To congratulate ourselves on completing the Inca Trail (ignoring that fact that only those who die en route don’t complete) we decide to treat ourselves to some traditional English dinner at the local Brit café – curry it is. The Real McCoy is a great little place serving PG tips, peanut butter on toast etc. We went to their inaugural ‘spice night’ and had a very decent curry and a bottle of wine, followed up with numerous pisco sours in town. Don’t know what a pisco sour is? A local tipple founded on grape brandy and raw egg white. Good stuff. Recipe here.

Cuzco - Main Square

Cuzco, a place where you could easily lose weeks/months and septum if you’re like that. But what a waste, there are plenty of places nearby that you’d be mad not to visit (Bolivia is spitting distance). After almost two weeks in and around the city, we are ready to move onwards and upwards towards Ecuador.

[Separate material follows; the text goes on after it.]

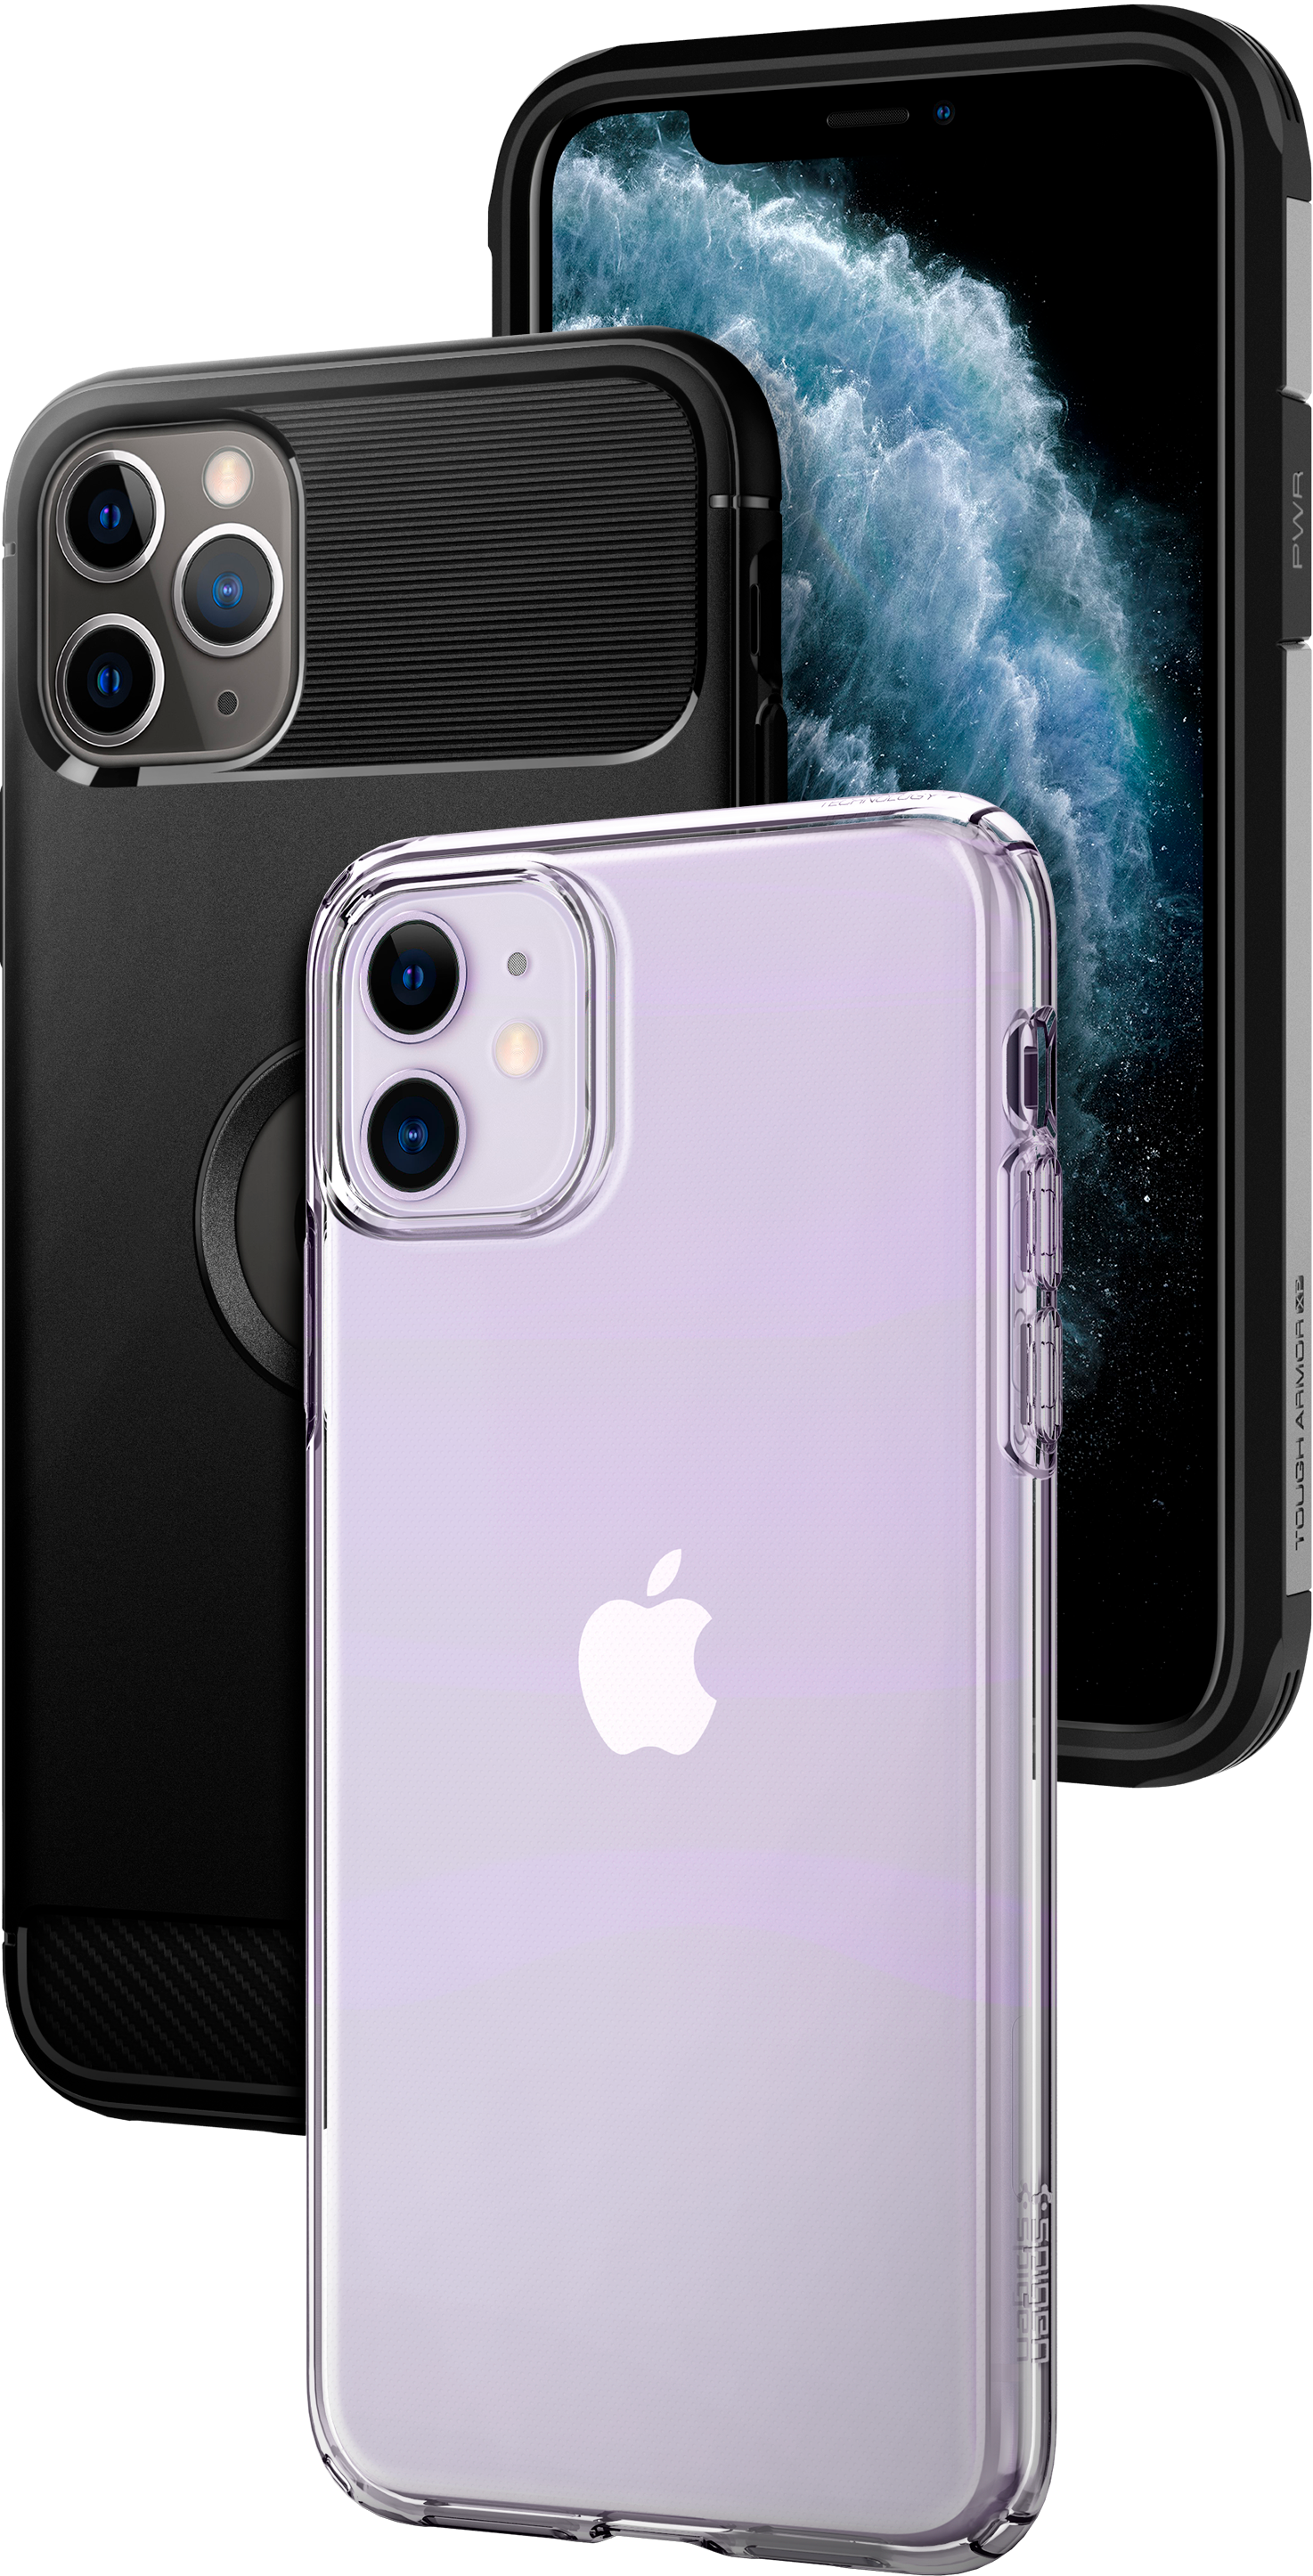 Iphone 11 Case Template Png Download Transparent Iphone Template Png For Free On Pngkey Com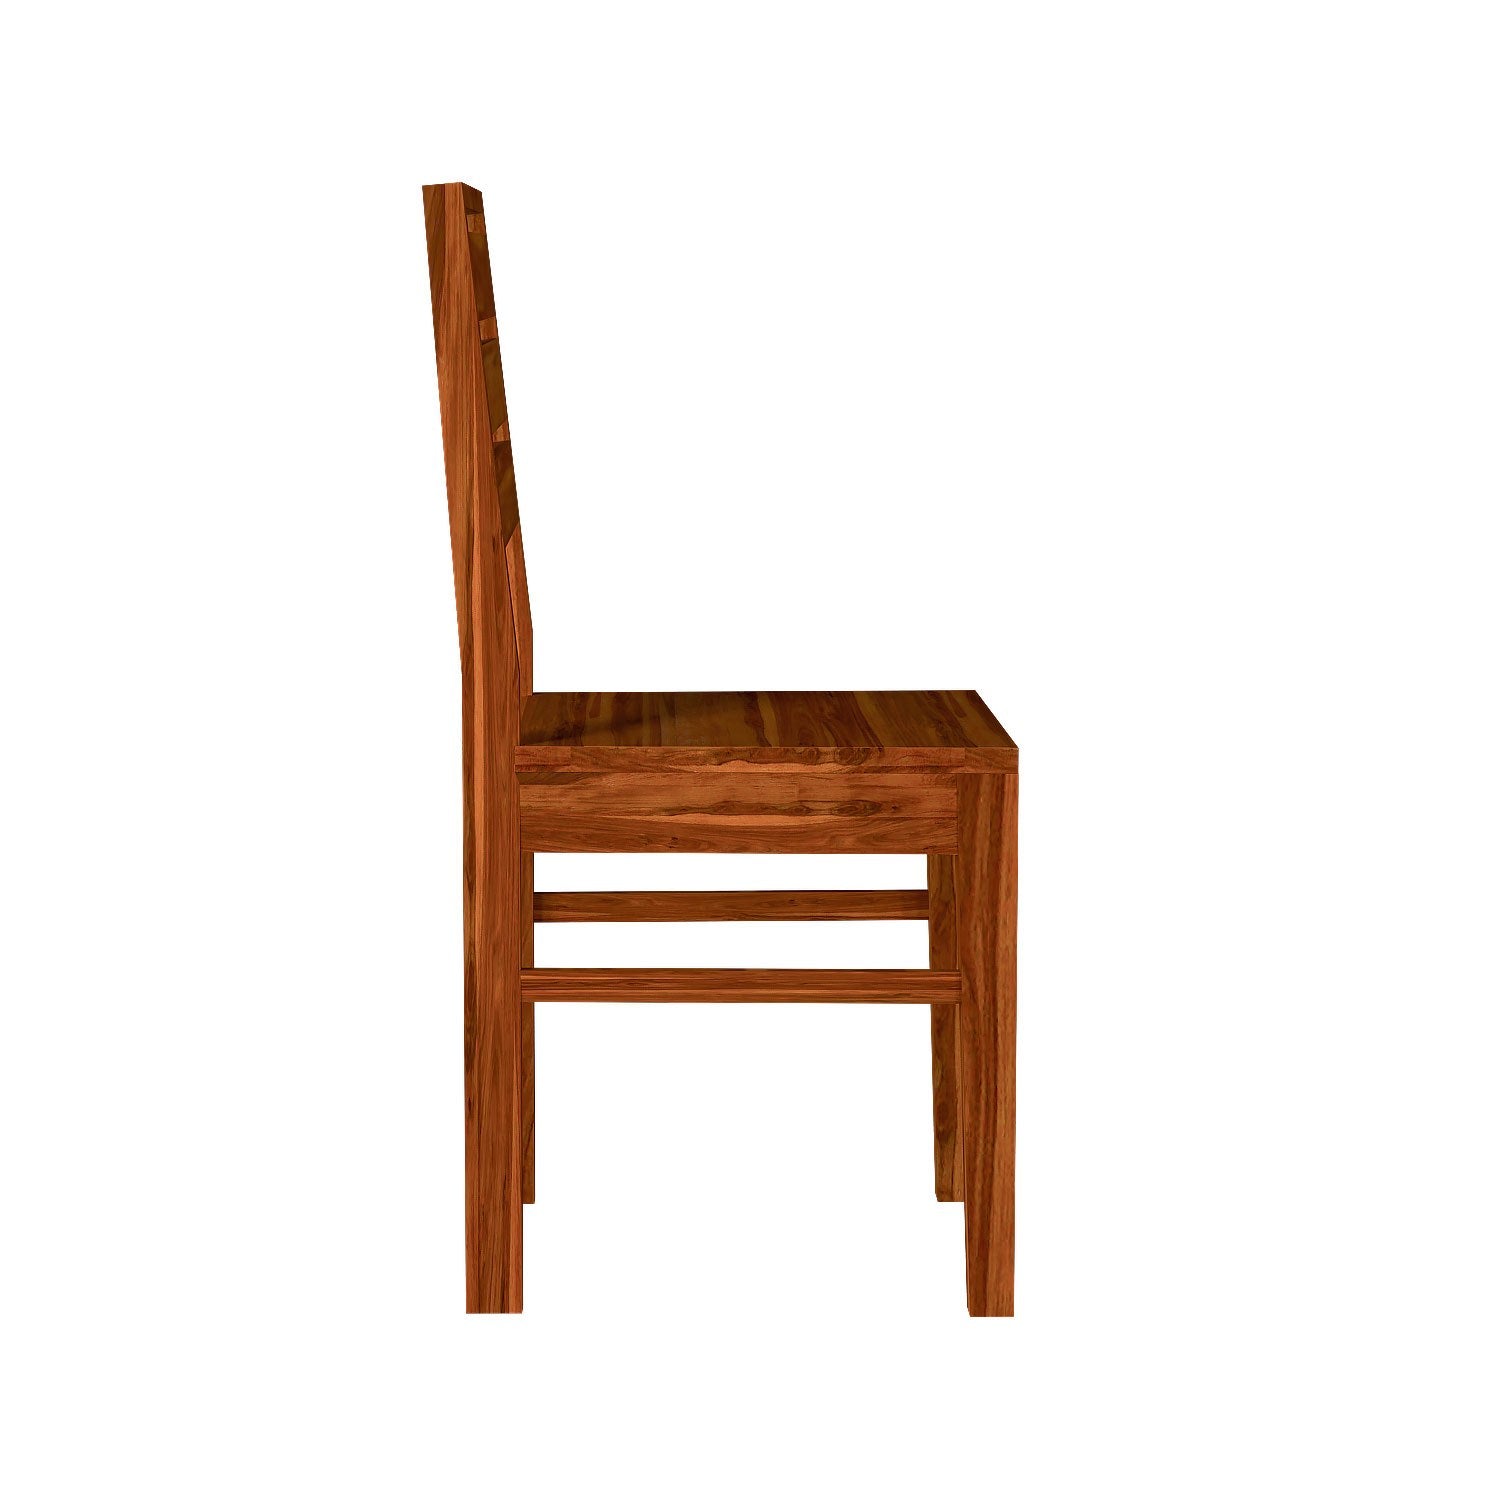 Feelinn Solid Sheesham Wood Chair (Without Cushion, Natural Finish)

Sacred Valley - outside Cusco

I can’t leave an entry on Cuzco without a mention to a new friend made and now missed, Lorenzo.  This chap was continuous company whilst staying at our hostel, he would always come and greet me at breakfast and sit for hours with me in the afternoons while reading. The staff mentioned he would complain and had to actually be removed from the public areas when I left as he would pine my leaving. I forgive the few times he crapped on me.